(WHAT IS NEEDED)
Leave out all pictures while you copy the lines exactly from the one with "Delegates attend the" through the last line of the listing.

(EXERCISE DATA)
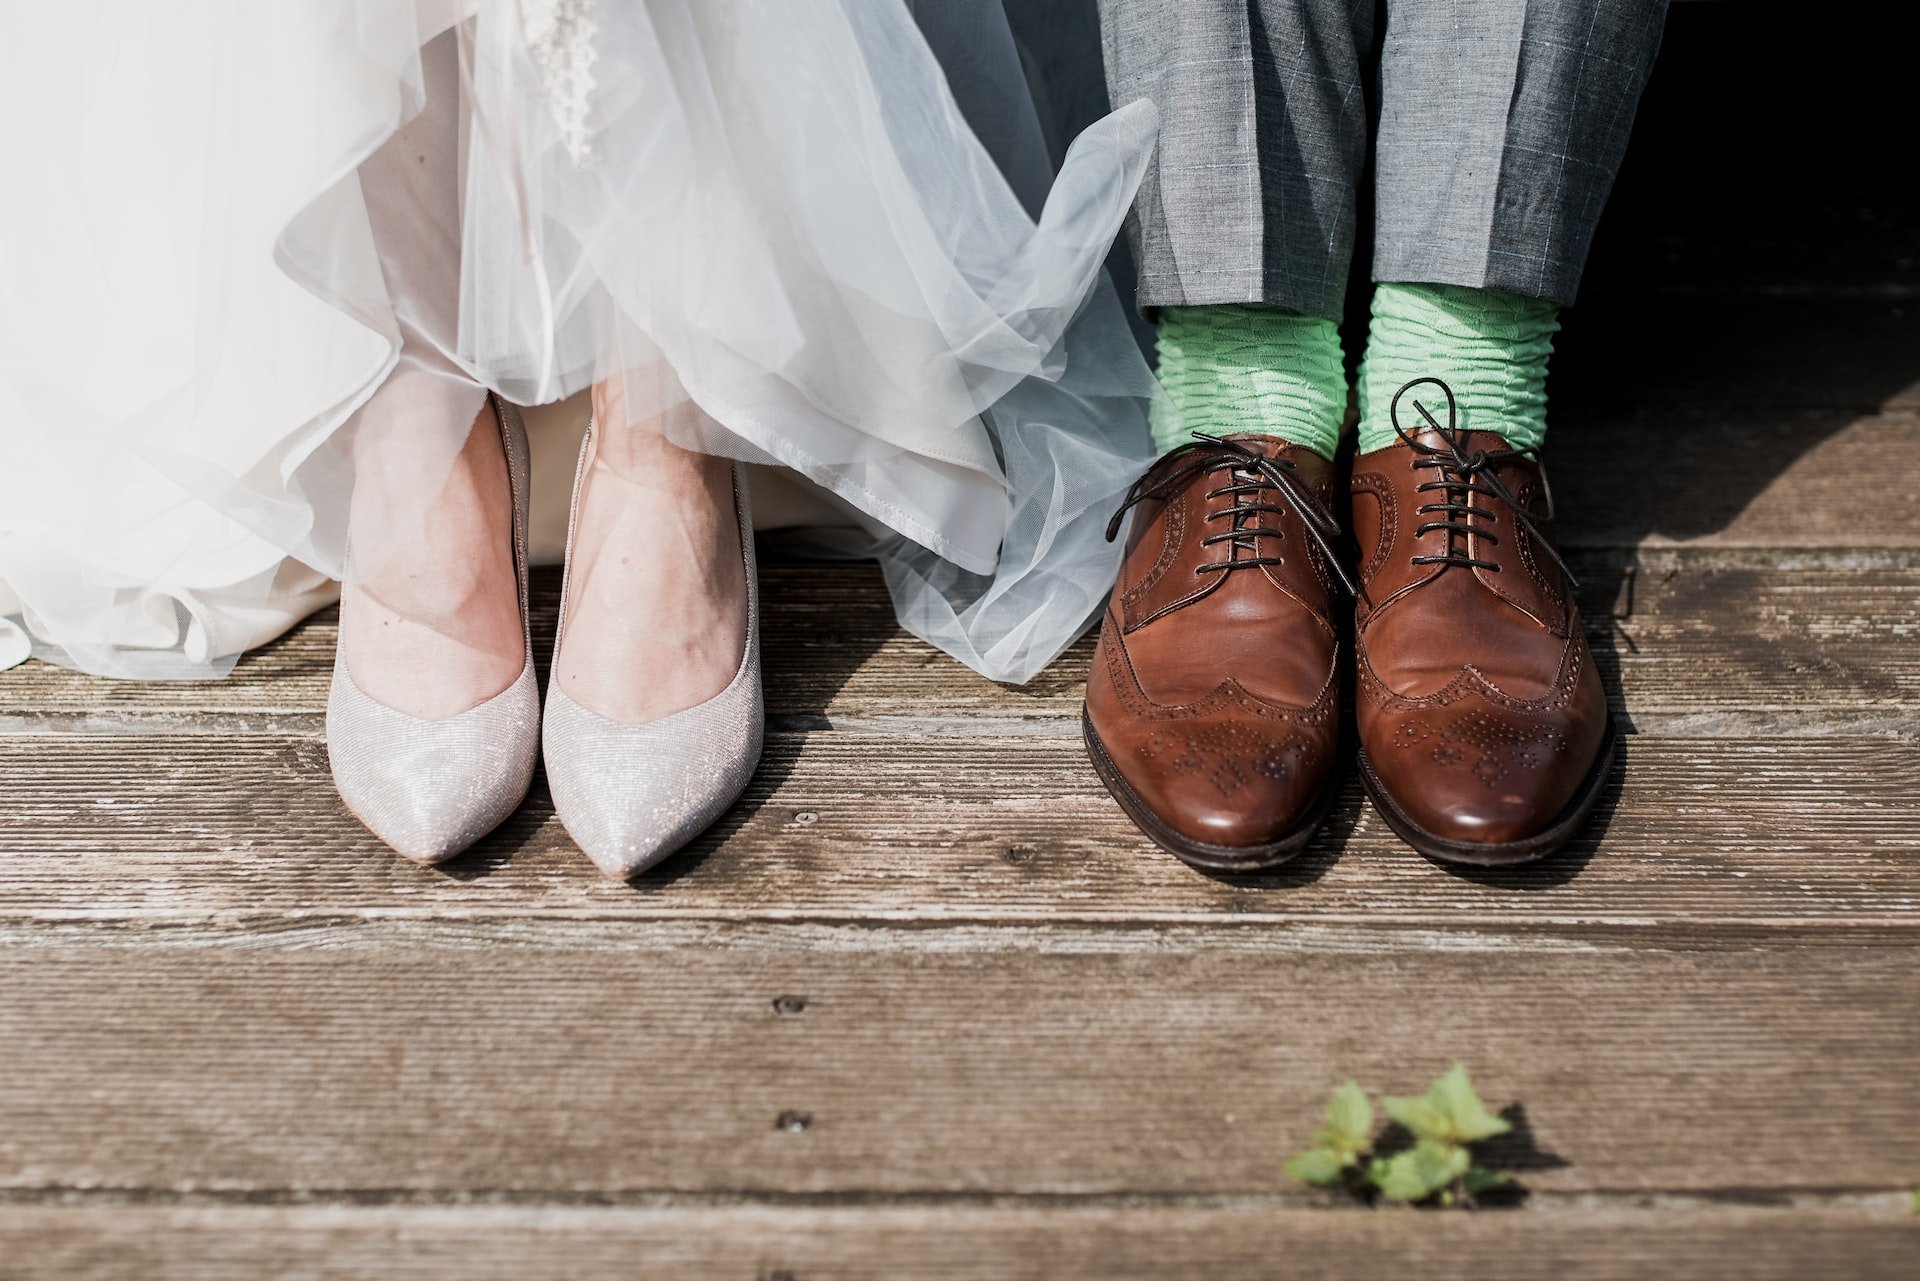 marc-a-sporys-NO8Sj4dKE8k-unsplash-bride-groom-shoes.jpeg
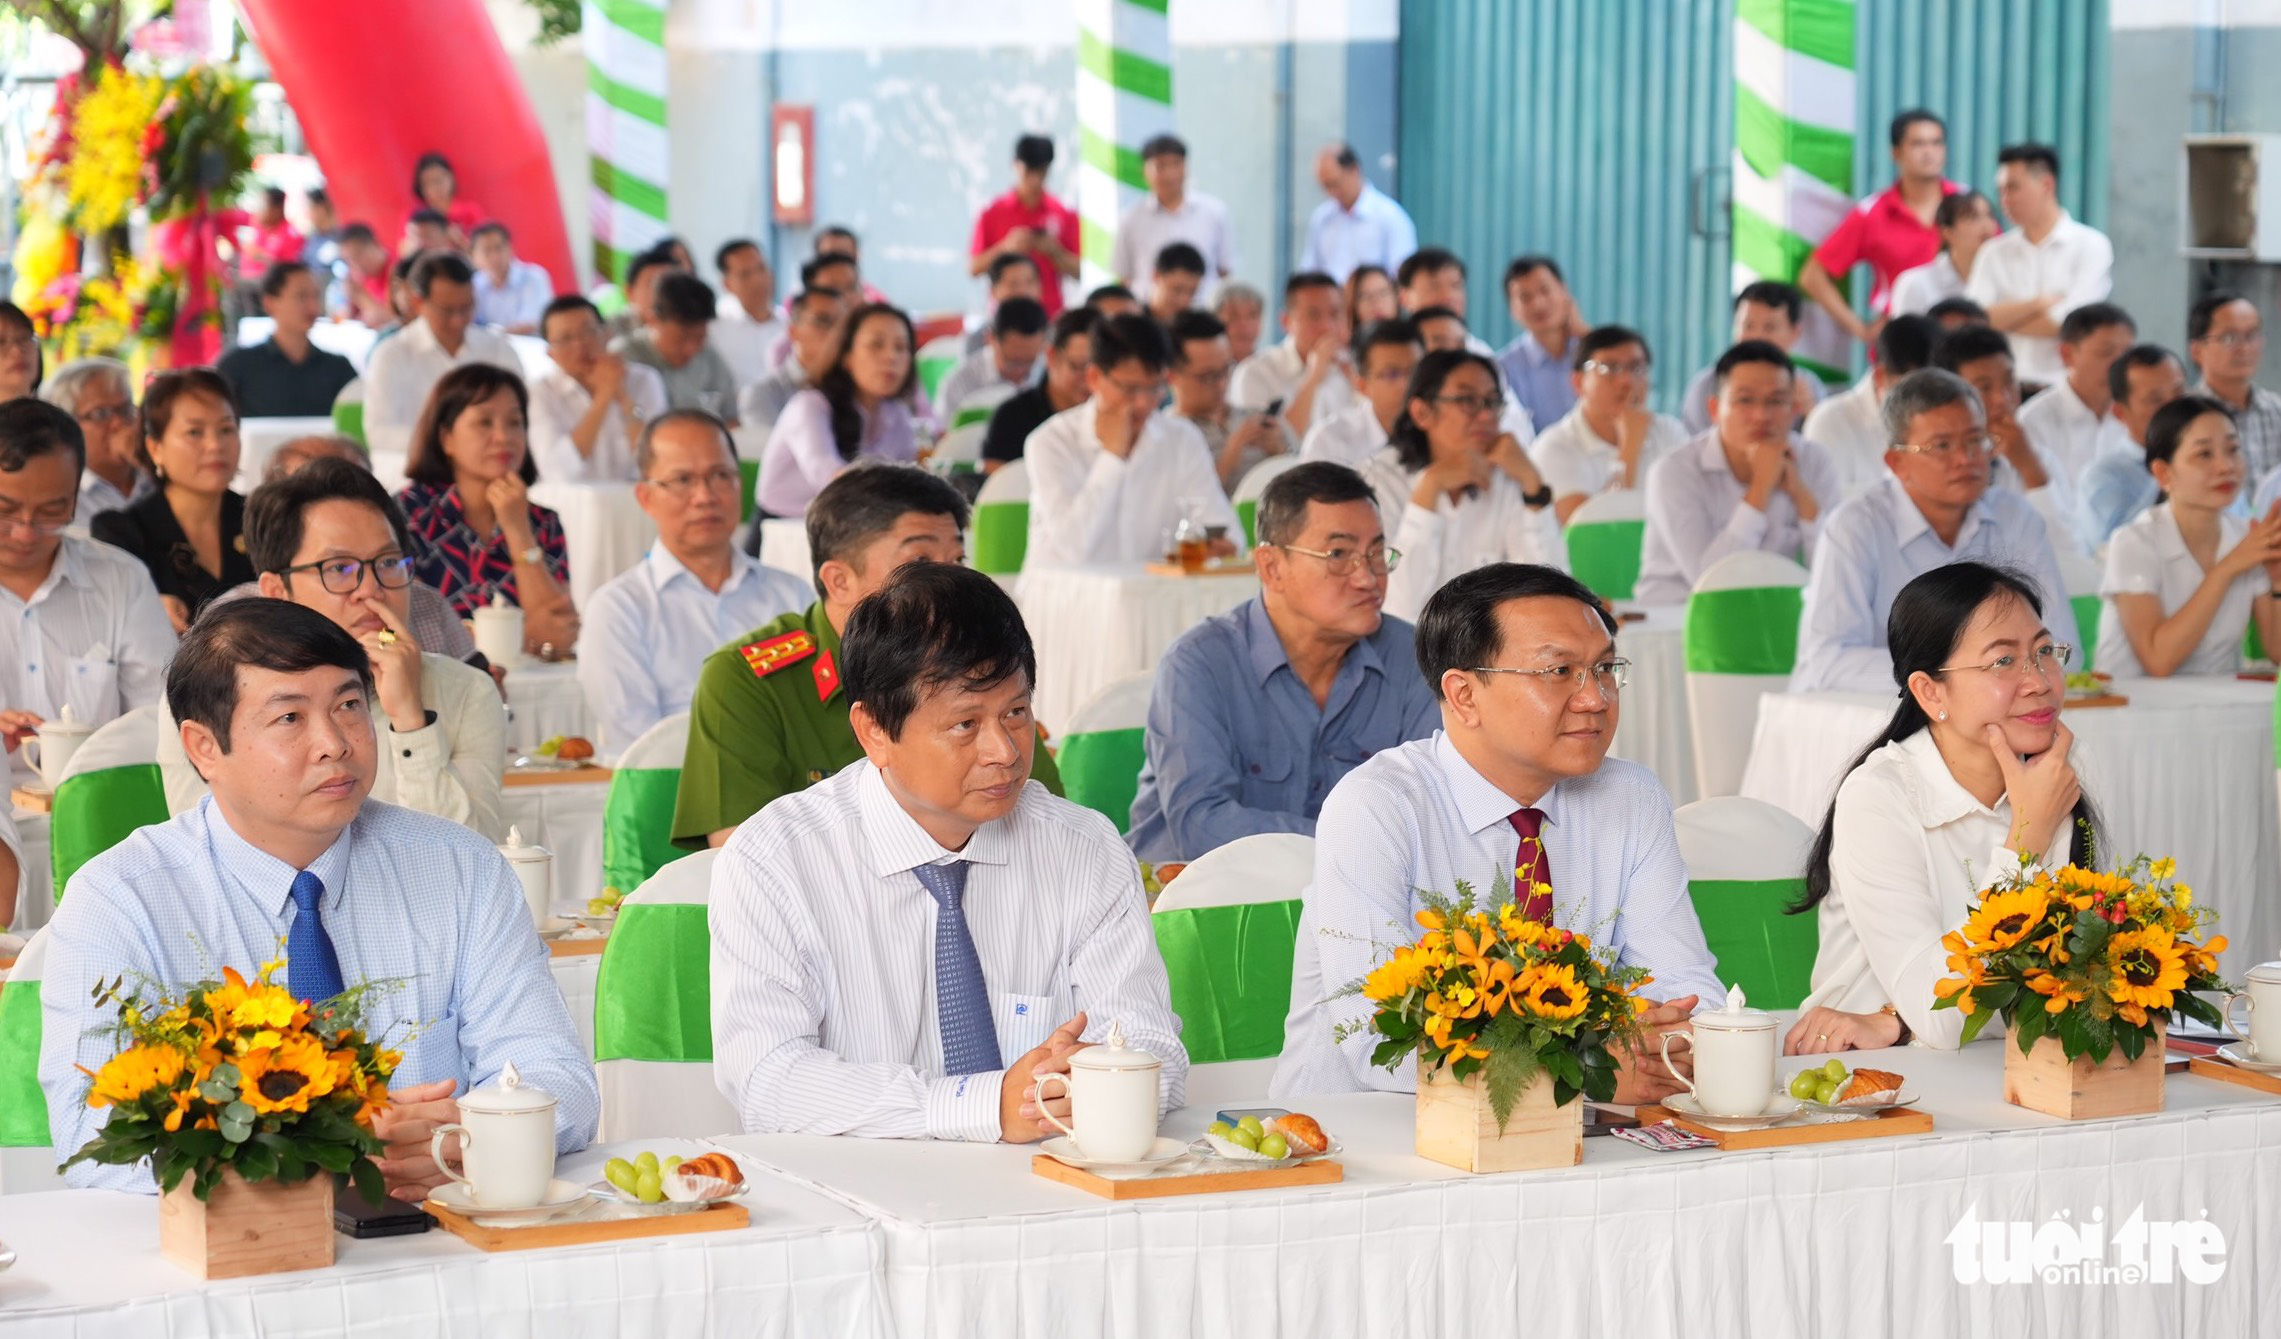 Delegates attend the groundbreaking of the Tuoi Tre Complex in Go Vap District, Ho Chi Minh City, August 30, 2022. Photo: Huu Hanh / Tuoi Tre
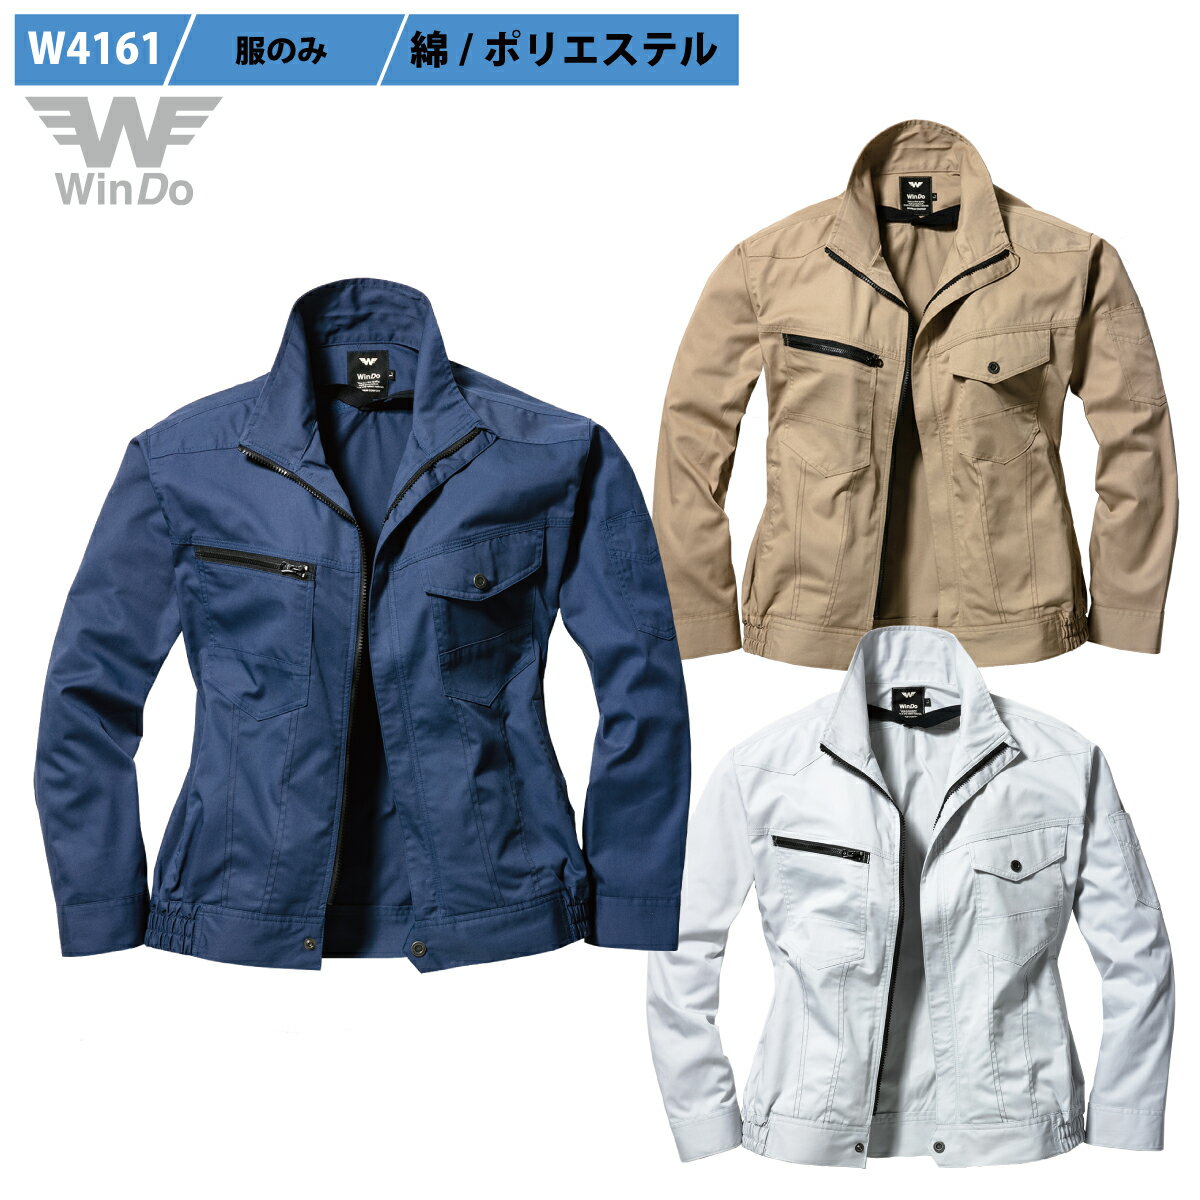 [WinDo] 空調空冷服/服のみ, 長袖ブルゾン, 綿60%ポリ40%, 軽くて丈夫, 綿リッチな肌触り, 撃涼の通風性, 楽らく電池操作, W4161【在庫限り】

(ANSWER)
 Delegates attend the groundbreaking of the Tuoi Tre Complex in Go Vap District, Ho Chi Minh City, August 30, 2022. Photo: Huu Hanh / Tuoi Tre
 [WinDo] 空調空冷服/服のみ, 長袖ブルゾン, 綿60%ポリ40%, 軽くて丈夫, 綿リッチな肌触り, 撃涼の通風性, 楽らく電池操作, W4161【在庫限り】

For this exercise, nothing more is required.